Quick start

This tutorial assumes you know how to programm in python and have a basic understanding of the pandas library.

To use @voc@ you need to follow these steps:

Install @voc@

You can install @voc@ using pip: (Run this directly in a notebook cell or in your terminal)

pip install avoca

Load the data

Internally @voc@ uses pandas dataframe.

The format must follow the specifed rules:

  • Columns are Multiindex containing in the first row, the name of the compound and in the second row the name of the variable.

  • If a variable is shared among all compounds, the compound is - .

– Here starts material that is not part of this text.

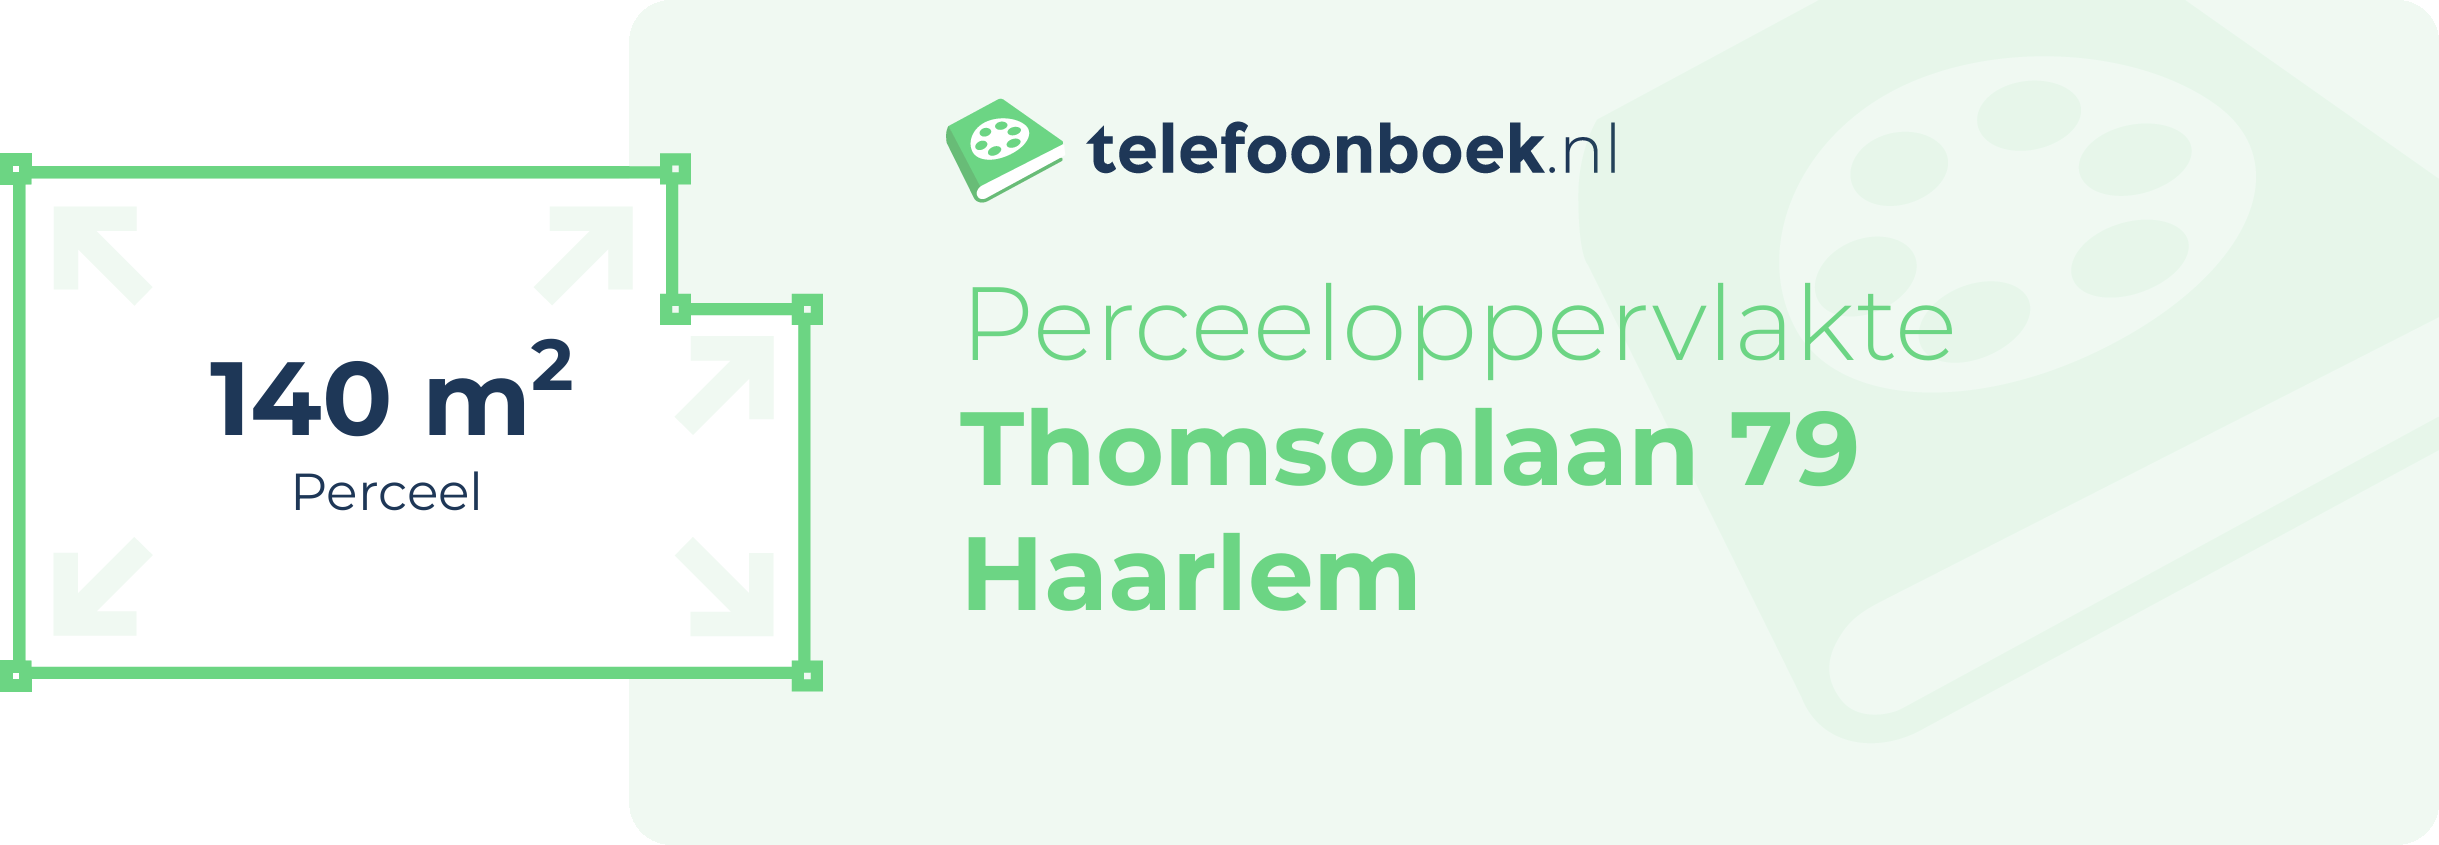 Perceeloppervlakte Thomsonlaan 79 Haarlem

  • One variable is reserved for each compound is called flag. It will be used for assigning flagged values.

import pandas as pd
import numpy as np

np.random.seed(31415)

df = pd.DataFrame(
    np.random.randn(100, 4),
    columns=pd.MultiIndex.from_tuples(
        [
            ("compA", "area"),
            ("compA", "C"),
            ("compB", "area"),
            ("compB", "C"),
        ]
    ),
)
# Create an outlier to ensure we will have a flagged value
df.loc[0, ("compA", "C")] = 3.0
df.head()
compA compB
area C area C
0 1.362422 3.000000 2.363074 -0.259567
1 -1.169556 1.684685 0.276290 0.954539
2 -0.290764 -0.465453 0.001360 -0.542507
3 -1.534347 0.977421 -1.095948 -0.583615
4 0.295540 0.514328 1.137765 -0.948378

Define the QA model

Many models can be found in the models .

In this example we will use the simplest model: and we will use the simplest model: avoca.qa_class.zscore.ExtremeValues

from avoca.qa_class.zscore import ExtremeValues

model = ExtremeValues(
    # Here we define some parameters on which the model will be applied
    compounds=["compA", "compB"],
    variable="C",
    # Here are some parameters for the model itself
    threshold=2,
)

Run the QA model

In an approach similar to Machine Learning, we will first fit the model to the data and then predict the bad values.

# The model will calculate some statistics on the data
model.fit(df)

# Predict the outliers
outliers = model.assign(df)
outliers
{'compA': Index([0, 13, 47, 48, 99], dtype='int64'),
 'compB': Index([40, 56, 74, 84], dtype='int64')}

Here we can see the indexes of the bad values. But the best way to see the results is to plot the data.

For this purpose we can use the plot method of the model.

It plots the training data and the outliers.

import matplotlib.pyplot as plt
plt.style.use("default")

model.plot()
(<Figure size 600x600 with 2 Axes>,
 array([<Axes: title={'center': 'compA +- 2 std'}>,
        <Axes: title={'center': 'compB +- 2 std'}>], dtype=object))
_images/68b4775fbe6287e31240bfed517ed0bd25c7b9d6ced18bcff6647b66700d332a.png

Setting the flags

Now that we have seen how the assigner works, we would like to set the flags to the data and then be able to export it.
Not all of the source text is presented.